I have to get summary data from several rows. The summary fields are counts of the number of records have each value for various fields. For instance, a table with individuals age, city, job, etc, the summary data would come with fields like "countManager", "countCodeMonkey" for every job, after which "countChicago", "countNewYork" etc for metropolitan areas.
I understand that the simple way to get things are:
select count(*) from table group by age, city, job
But this really is vertical counting - another row for every value I want. Rather than rows using the counts, I want fields, because I've other fields to group by, for instance condition. And So I want my leads to seem like this:
| State | countManager | countMonkey | | IL | 3 | 25 | | NY | 5 | 40 |
I am searching at two ways to get this done. Finances one implemented, also it takes twenty minutes to complete. I am wondering if an alternative way could be faster.
The present way appears like this:
create view managers as select state, count(*) as theCount from table where job = 'Manager' group by state; create view monkeys as select state, count(*) as theCount from table where job = 'Monkey' group by state; select managers.theCount as managers, monkeys.theCount as monkeys from managers left join monkeys on managers.state = monkeys.state;
Within the real situation, there's about 20 more sights, and therefore 20 more joins.
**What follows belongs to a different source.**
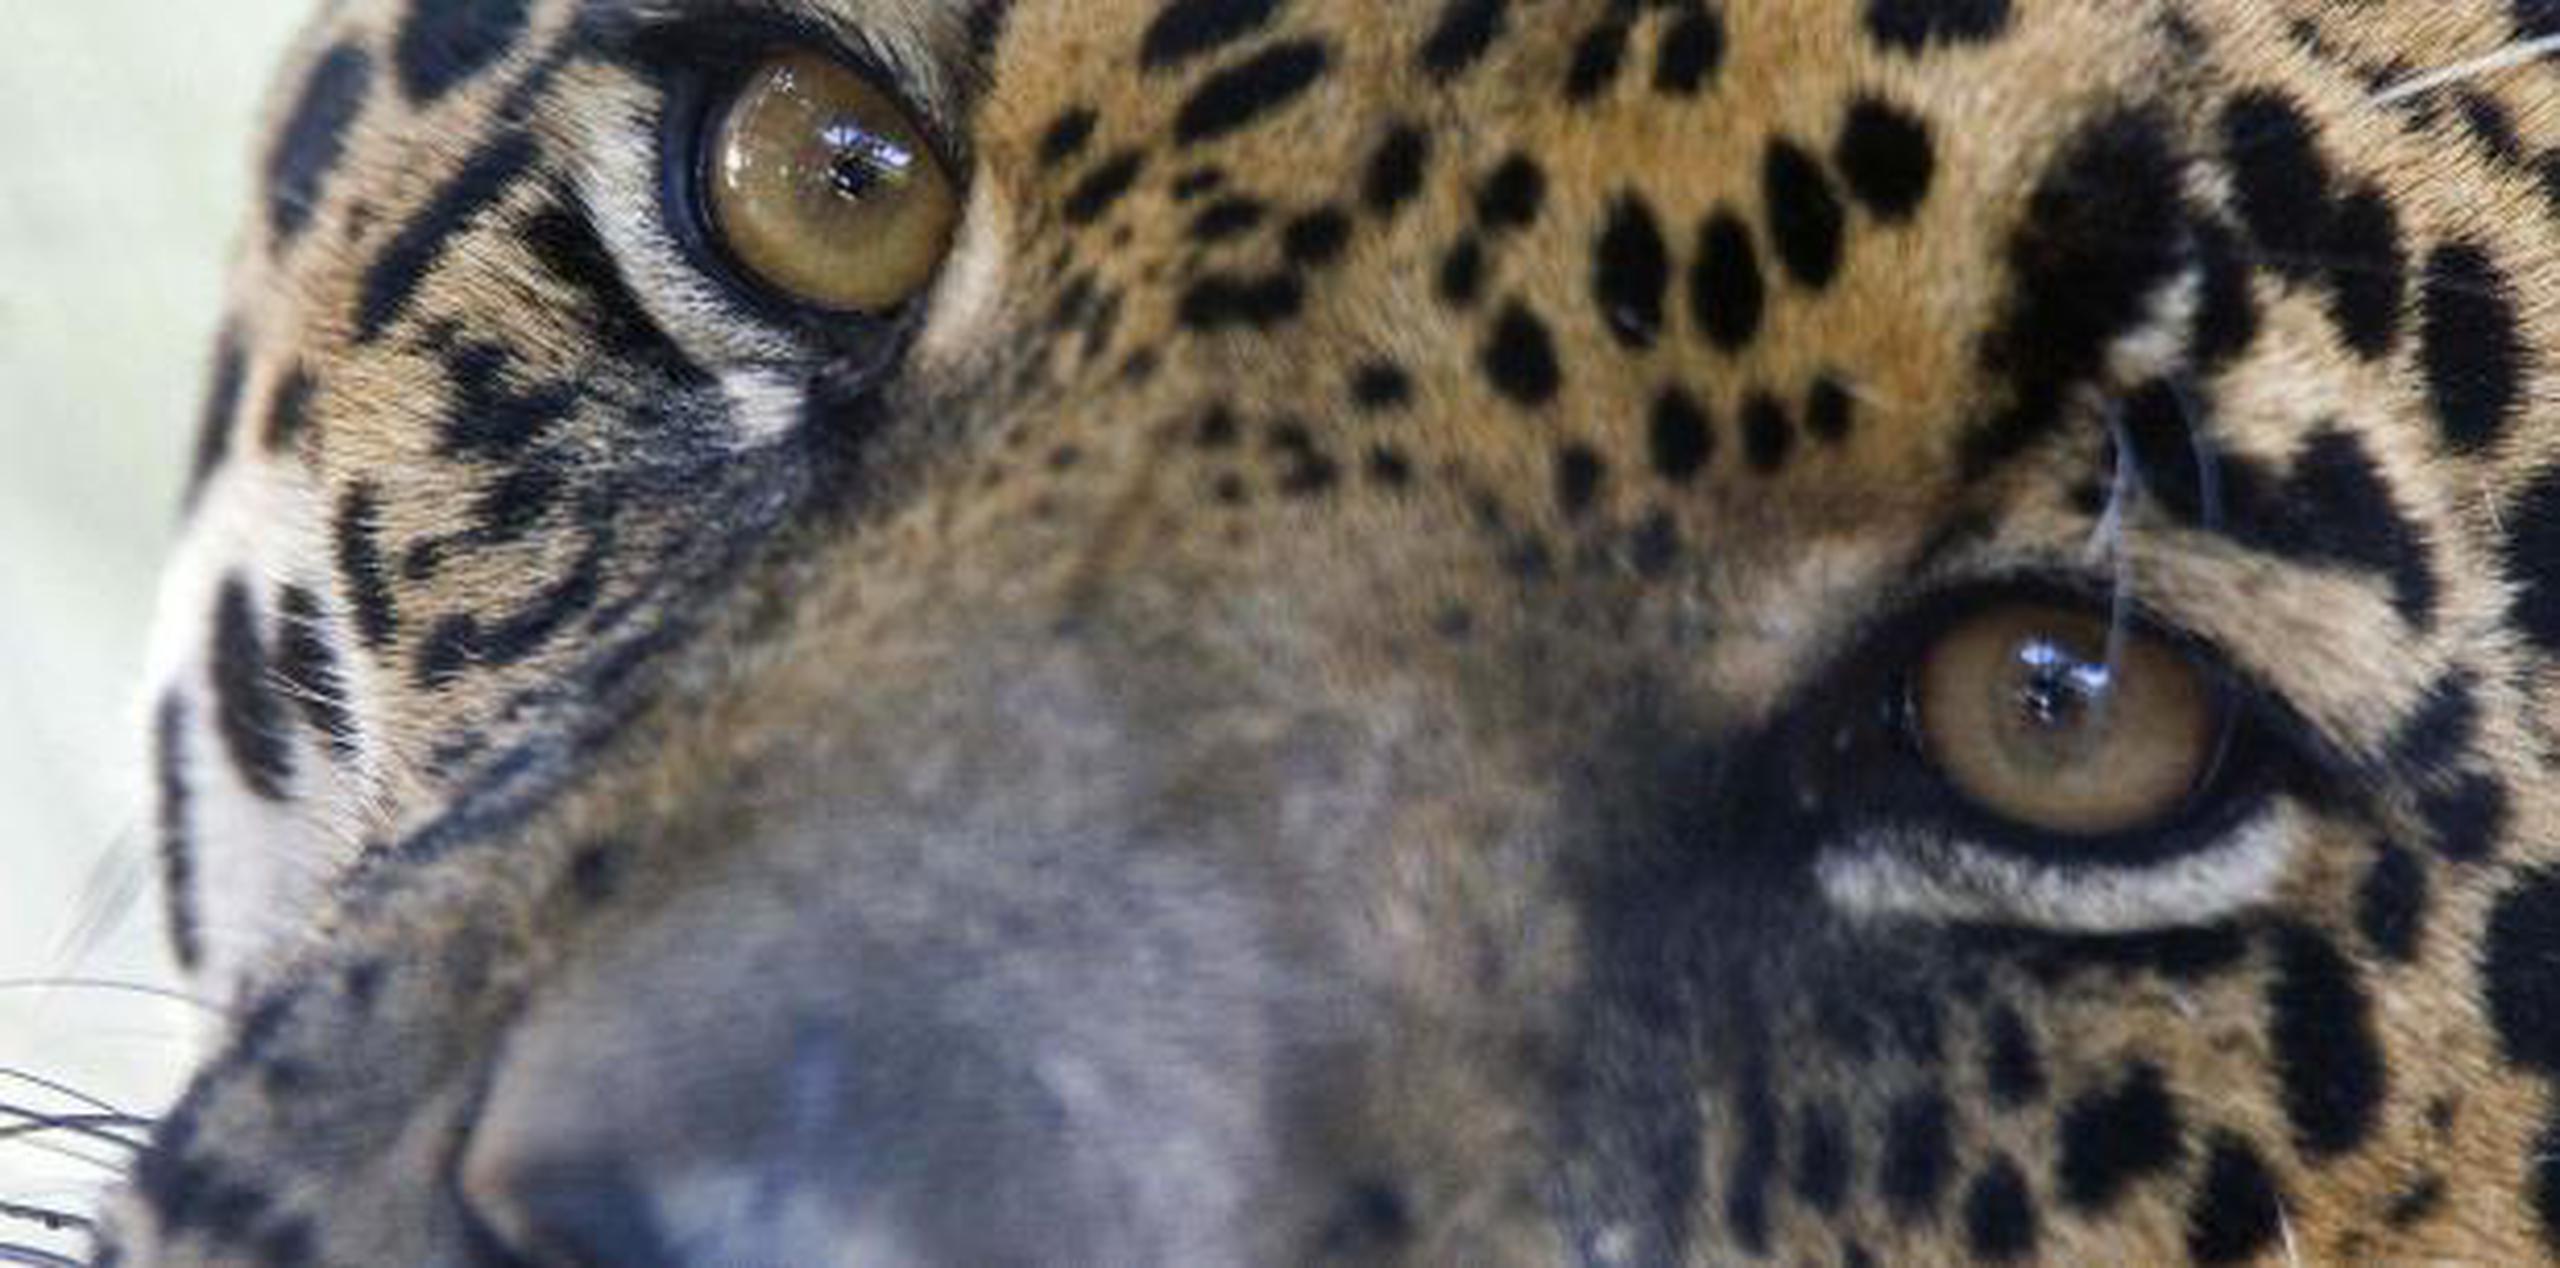 Asimismo, el zoológico aseguró en sus redes que nada le pasará a su jaguar. (archivo)

I am thinking about the next horizontal count method rather:
select state, sum(case when job='Manager' then 1 else 0 end) as managers, sum(case when job='Monkey' then 1 else 0 end) as monkeys from table group by state;
This removes the joins. However I have no idea concerning the performance from the "sum situation" statement. Will this be any faster, comparable, or much reduced? Does the engine need to go with the rows multiple occasions, once for every such counted area? Or perhaps is it wise enough to count all of the fields in a single tell you, checking each value and incrementing the right sum?
I might spend a part of each day writing a script to develop a giant quantity of garbage data to check this, but I'd still prefer to understand how the db engine reacts, that we could not find elsewhere online.
Totally is dependent around the engine and just how you need to begin to see the data, however your second item should certainly survive faster.
twenty minutes for the first totally absurd though unless of course you've literally vast amounts of rows. For the reason that situation you should think about archiving data on the monthly/weekly basis with precompiled aggregated data inside a table where one can slice and dice to match.
If there's not concurrency involving the transaction yet others, the "sum situation" is a great choice. Aggregate functions as
GROUP BY, degrade performance. Remain in touch with a couple of things: "divide and conquer" and "number information is more faster than text data".
Produce a datawarehouse (just one table, a database) to prevent concurrency and increase processing.
CPU are wonderful hand calculators: convert your categorical data (
"Woman") by number data (
62) and enhance your mining.
Clean a decision about database suppliers or plataform options, but relational algebra.